Locate and copy each line in the data that contains the word "Nike".
Start of Data for this exercise
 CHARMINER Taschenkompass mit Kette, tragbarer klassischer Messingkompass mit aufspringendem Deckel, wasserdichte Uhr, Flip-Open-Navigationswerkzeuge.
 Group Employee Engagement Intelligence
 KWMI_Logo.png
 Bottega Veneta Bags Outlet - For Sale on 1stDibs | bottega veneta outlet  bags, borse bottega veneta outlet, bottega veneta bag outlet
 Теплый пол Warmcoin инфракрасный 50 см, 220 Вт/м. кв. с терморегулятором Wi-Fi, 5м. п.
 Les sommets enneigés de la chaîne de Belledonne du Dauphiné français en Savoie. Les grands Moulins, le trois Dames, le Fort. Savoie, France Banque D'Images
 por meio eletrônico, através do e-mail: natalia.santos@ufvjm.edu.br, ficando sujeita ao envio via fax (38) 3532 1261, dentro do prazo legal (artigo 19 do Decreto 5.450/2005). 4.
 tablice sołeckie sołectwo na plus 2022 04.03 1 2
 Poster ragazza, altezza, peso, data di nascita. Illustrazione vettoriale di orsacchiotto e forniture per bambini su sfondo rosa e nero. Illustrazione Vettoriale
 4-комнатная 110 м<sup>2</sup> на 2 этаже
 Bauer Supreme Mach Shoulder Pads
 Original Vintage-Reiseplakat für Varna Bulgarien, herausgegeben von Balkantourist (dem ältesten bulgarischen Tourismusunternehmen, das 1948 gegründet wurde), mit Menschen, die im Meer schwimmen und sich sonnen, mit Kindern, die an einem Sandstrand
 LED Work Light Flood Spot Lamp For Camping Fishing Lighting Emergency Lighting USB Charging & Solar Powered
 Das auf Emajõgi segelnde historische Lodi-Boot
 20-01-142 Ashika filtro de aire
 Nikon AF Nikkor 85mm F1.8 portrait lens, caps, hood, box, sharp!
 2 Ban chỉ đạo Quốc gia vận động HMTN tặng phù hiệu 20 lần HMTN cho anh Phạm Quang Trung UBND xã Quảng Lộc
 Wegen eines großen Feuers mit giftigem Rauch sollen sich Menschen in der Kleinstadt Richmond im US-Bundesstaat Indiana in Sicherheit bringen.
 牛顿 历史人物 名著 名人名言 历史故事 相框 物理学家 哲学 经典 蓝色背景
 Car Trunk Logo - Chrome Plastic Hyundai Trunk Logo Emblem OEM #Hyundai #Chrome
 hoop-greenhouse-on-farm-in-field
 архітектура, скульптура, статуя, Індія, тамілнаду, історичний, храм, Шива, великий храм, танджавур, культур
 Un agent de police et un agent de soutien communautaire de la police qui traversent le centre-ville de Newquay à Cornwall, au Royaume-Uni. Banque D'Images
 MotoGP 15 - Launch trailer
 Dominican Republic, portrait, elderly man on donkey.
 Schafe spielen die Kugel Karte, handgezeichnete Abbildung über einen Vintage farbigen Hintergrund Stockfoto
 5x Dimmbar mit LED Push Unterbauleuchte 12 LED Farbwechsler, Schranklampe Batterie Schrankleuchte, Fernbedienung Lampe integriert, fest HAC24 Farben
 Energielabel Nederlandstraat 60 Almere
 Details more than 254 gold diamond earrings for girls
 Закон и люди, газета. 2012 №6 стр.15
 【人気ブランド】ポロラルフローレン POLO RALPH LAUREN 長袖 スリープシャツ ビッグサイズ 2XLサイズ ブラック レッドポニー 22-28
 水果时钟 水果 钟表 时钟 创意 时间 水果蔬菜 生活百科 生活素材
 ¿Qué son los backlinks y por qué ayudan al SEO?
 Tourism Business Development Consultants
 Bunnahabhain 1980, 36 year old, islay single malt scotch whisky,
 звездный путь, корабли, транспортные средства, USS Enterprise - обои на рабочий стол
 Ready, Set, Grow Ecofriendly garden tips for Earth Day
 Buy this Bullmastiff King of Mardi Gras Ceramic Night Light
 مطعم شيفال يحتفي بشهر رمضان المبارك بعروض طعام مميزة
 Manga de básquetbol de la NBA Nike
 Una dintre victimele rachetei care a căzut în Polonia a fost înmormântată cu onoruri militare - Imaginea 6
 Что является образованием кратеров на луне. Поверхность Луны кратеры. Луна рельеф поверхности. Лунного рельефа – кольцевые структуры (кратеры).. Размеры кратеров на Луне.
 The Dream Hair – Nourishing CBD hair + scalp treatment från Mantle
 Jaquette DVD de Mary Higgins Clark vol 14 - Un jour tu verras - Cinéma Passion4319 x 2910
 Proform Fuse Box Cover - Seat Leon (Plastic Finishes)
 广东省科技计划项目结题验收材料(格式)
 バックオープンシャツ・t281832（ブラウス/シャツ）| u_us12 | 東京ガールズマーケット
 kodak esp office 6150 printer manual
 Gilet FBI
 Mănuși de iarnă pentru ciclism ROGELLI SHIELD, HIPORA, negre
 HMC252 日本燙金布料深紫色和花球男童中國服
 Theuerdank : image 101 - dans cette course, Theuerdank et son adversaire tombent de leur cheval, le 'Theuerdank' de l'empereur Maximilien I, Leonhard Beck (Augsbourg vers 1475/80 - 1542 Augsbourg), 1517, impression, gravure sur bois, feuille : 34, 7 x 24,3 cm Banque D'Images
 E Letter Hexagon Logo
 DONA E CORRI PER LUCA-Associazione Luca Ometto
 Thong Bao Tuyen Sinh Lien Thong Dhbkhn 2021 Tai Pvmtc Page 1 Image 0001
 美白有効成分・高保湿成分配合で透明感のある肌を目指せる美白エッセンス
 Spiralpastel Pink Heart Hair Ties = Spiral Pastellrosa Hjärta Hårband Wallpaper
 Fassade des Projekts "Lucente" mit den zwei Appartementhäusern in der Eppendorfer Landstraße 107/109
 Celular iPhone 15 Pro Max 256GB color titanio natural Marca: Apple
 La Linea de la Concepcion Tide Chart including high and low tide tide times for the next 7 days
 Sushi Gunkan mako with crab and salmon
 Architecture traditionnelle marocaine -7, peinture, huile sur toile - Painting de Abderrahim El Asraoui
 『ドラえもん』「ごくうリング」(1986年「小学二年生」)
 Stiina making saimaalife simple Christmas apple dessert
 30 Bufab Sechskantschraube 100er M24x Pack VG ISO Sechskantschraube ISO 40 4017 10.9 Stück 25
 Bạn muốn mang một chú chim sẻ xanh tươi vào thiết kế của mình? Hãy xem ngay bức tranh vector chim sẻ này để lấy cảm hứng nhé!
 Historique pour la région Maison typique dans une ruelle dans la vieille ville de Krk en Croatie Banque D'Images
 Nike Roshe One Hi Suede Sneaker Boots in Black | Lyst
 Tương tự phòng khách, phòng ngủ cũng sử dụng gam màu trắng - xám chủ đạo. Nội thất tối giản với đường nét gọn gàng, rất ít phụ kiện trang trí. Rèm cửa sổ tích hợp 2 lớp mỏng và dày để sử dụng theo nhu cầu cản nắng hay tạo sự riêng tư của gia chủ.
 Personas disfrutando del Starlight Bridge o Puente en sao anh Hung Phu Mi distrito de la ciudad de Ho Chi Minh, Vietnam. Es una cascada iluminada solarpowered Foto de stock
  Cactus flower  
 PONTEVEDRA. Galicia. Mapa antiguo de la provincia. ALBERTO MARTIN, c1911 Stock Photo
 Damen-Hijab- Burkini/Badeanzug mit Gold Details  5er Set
End of Data for this exercise
> [Finished task]:
 Manga de básquetbol de la NBA Nike
 Nike Roshe One Hi Suede Sneaker Boots in Black | Lyst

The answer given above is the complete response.